A project log for Vintage Z80 palmtop compy hackery (TI-86)

It even has a keyboard!

eric-hertzEric Hertz 09/21/2021 at 01:549 Comments

look at that wonderful VFD!

<s>Well, shoot, I took the batteries out, and they've since fallen well out of reach. You'll just have to take my word for it,</s> that's a nice little Vacuum Fluorescent Display. $2.99, how could I pass it up?!

Half of me wants to hack it into the TI-86 for some purpose... maybe displaying the z80's data/address bus? 8 digits is perfect... 24 address bits after the memory-mappers is 6 hex digits, two more for data... I had been contemplating single-stepping and toggle-switch inputs a while back...

Initially, upon seeing this i thought each digit was a separate display, which I thought would be great for a wristwatch, and maybe various other projects. But, even weirder than those flat VFDs you find in VCRs and such, this guy is in a glass /tube/, cylindrical! How 'bout that?

You can almost make it out, here. Interestingly, both ends have wires coming out, unlike most tubes.
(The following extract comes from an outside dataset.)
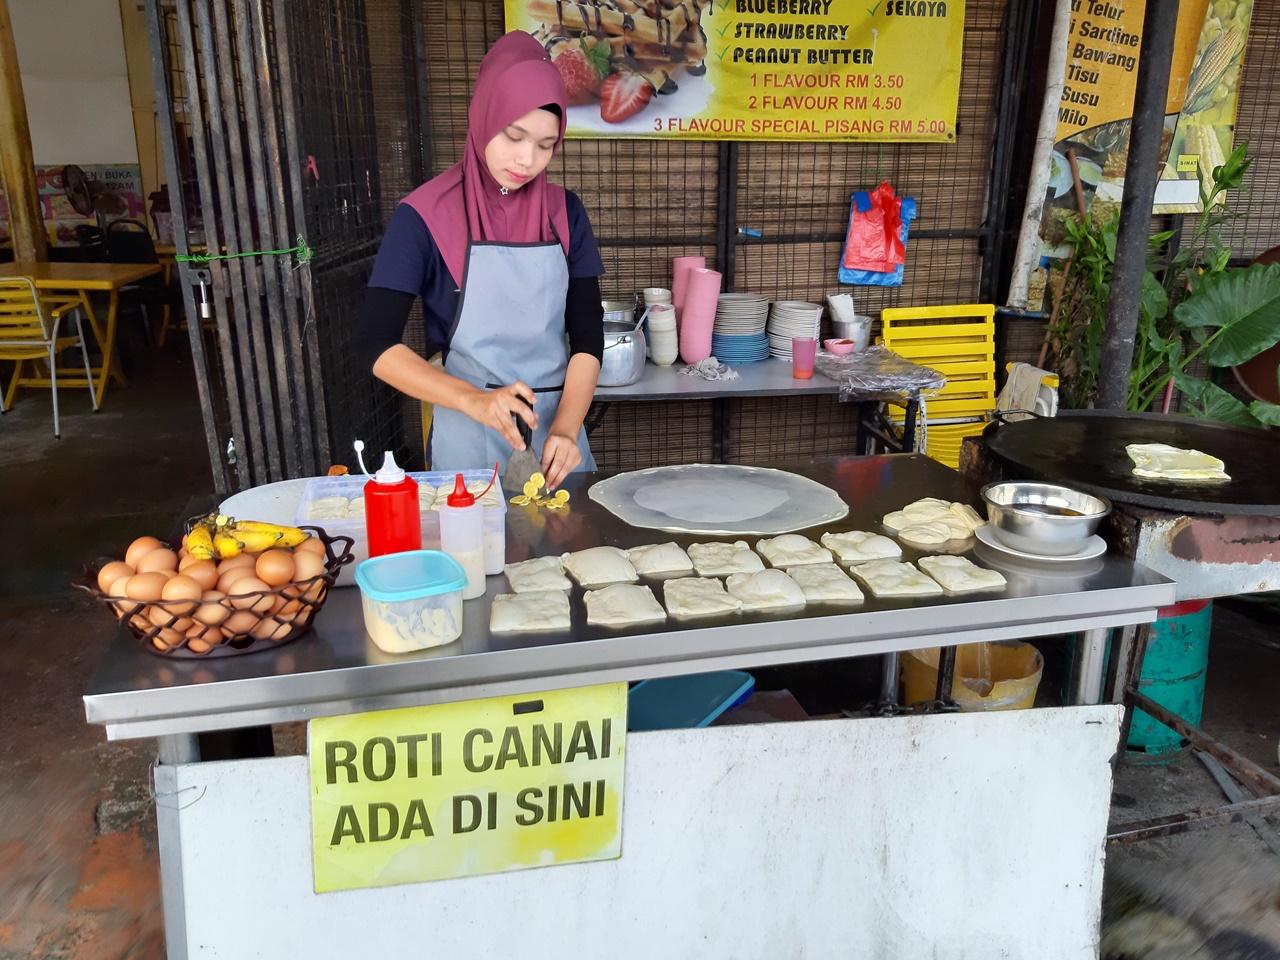 raňajky v príprave - roti canai

... oh heck, I've already gone this far, and I left the lone screw out since it still snaps together quite nicely at some 50 years(?!) old.

I dig that the leads are spiralled out from the circular layout.

Bad shot, sorry... but there's really not much in there, and what is is mostly repairable/replaceable/hackable... I dig that, too. Probably part of the reason it's still around after fifty years.

Also, oddly, I noticed no friggin' datecodes! Best I found was maybe "45", but obviously that can't be right... right? Oh, hey, I just saw a vid the other day saying that Japan didn't use the AD year-system until after they were well into the electronics business. So, it might actually be from year '45, in whatever their system was, then. I may look that up, soon. That vid was about something from the late sixties, as I recall.

Anyhow, this guy's in near pristine condition, would be a bit of a shame to gut it... but who knows what its future holds. There's plenty of space inside, which could also make for a project-box... hmm...

Alternatively: i heard once of someone hacking a cheapo calculator for counting events: enter 1+1, then some sensor triggers the Equals key, repeatedly, automatically adding one each time. 

Along those lines, as long as all you intend to display is a single number up to 8 decimal digits long, the keyboard matrix could be broken-out for a microcontroller to control. Send a ribbon cable through the battery compartment and the vintage calc keeps its look, brains, and functionality... but can be used for other purposes too... hmm...

... A couple days later: one idea might be a Digital-Readout for an axis on a CNC machine, which also just happens to be a calculator, too, with a dimension already entered, ready to be divided by three for calculating the next move, or something... heh.

...

Anyhow...

In the compy backup realm... I've accounted for 500,000 of the 1million "missing" files. Yep, I had done some massive cleanup the day after my last backup in July, and even typed-up a log of my doing-so. Sometimes I'm not a complete idiot. But, still, that leaves 500,000 ,"missing" files still unaccounted-for. What The Heck Did I Do? 'diff -rq' doesn't even seem to help in that regard.... something burried deep in some folder that was in the trash? Maybe some kernel source or something?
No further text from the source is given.